Geluid plant zich door lucht voort met een snelheid van ongeveer 330 meter/sec. en bestaat uit trillingen. Deze trillingen kunnen schematisch worden voorgesteld door golven: geluidsgolven.
Bij zo'n golf onderscheiden we:
de golflengte;
de amplitude.
Een geluidsgolf heeft de volgende eigenschappen:
hoe korter de golflengte hoe hoger de toon
hoe groter de amplitude hoe harder de toon.
We spreken bij golven over frequentie. Dit is aantal golven per seconde, uitgedrukt in Herz (Hz). (Dit geldt voor zowel geluids- als elektromagnetische golven.). Golflengte wordt ook uitgedrukt als "labda" () De golflengte van (radio)golven wordt bepaald door de frequentie en de voortplantingssnelheid, uit te drukken in een formule:
golflengte x freq. = voortplantingssnelheid of g x f = v
De golflengte uitgedrukt in meters en de frequentie in Hertz geeft de snelheid in meters per seconde.

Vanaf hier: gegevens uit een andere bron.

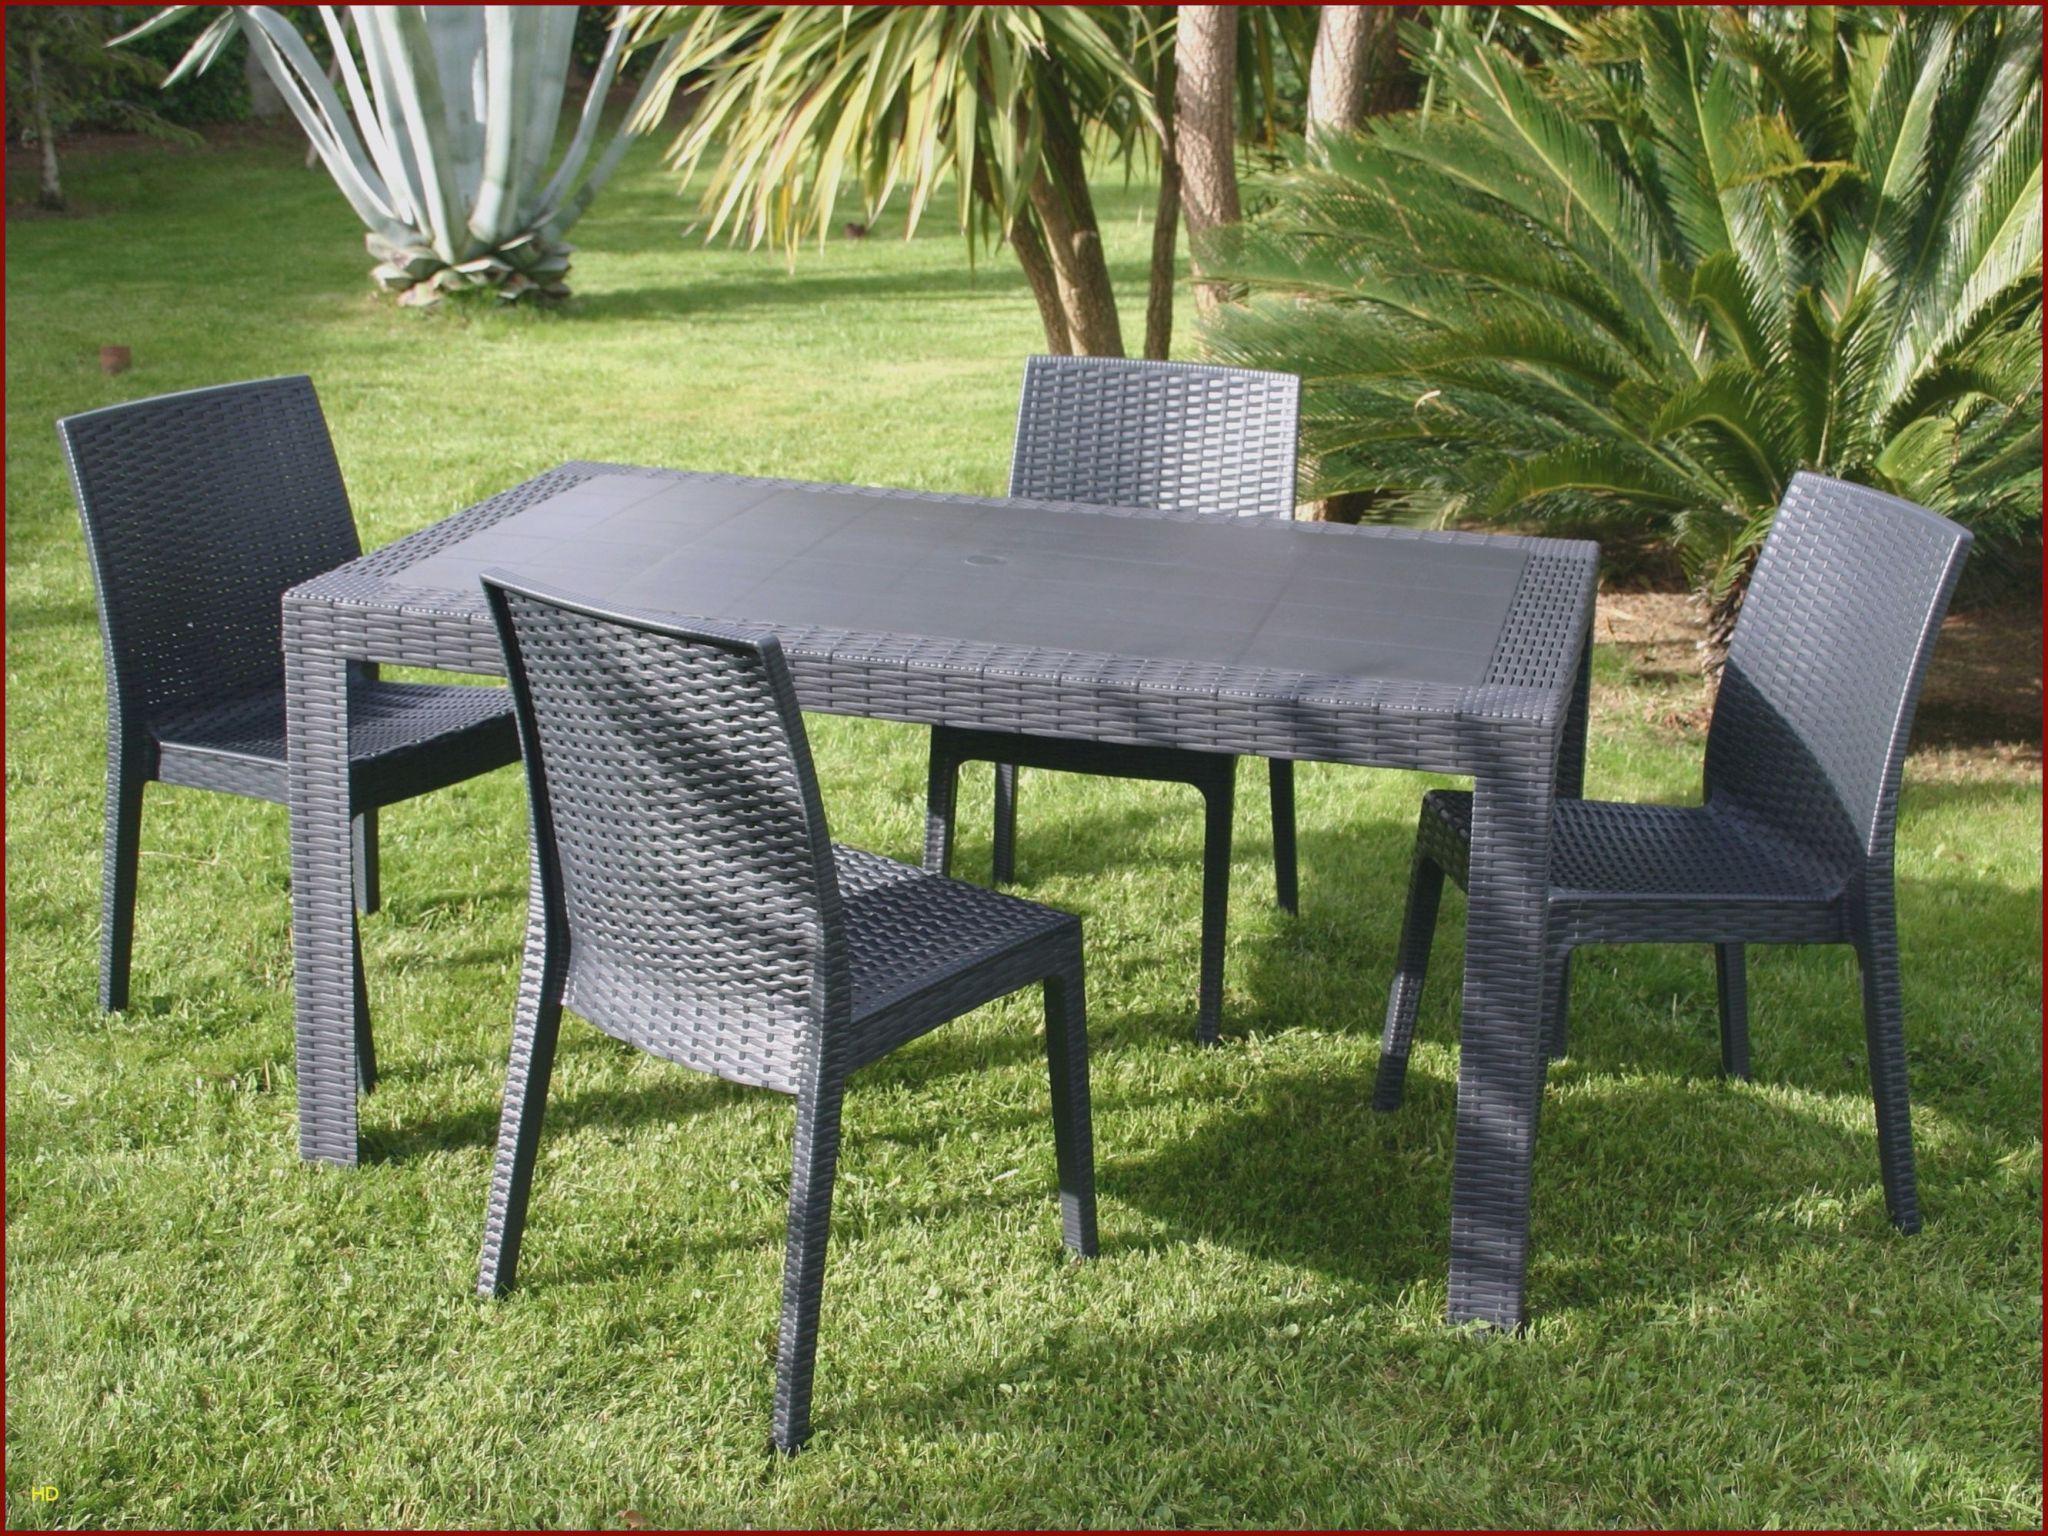 Table Basse De Jardin En Bois Inspirant Chaises Luxe Chaise Ice 0d Table Jardin Resine Lovely

Omgrote afstanden te overbruggen worden radiozenders en ontvangers gebruikt. Deze maken gebruik van radiogolven, die zich elektromagnetisch voortplanten. Het samenstel van factoren die de voortplanting bewerkstelligen heet propagatie. Electromagnetische golven worden ook wel aangeduid als EM golven.
De voortplantingssnelheid van radiogolven is: (ongeveer) 300.000.000 meter/sec. (= lichtsnelheid).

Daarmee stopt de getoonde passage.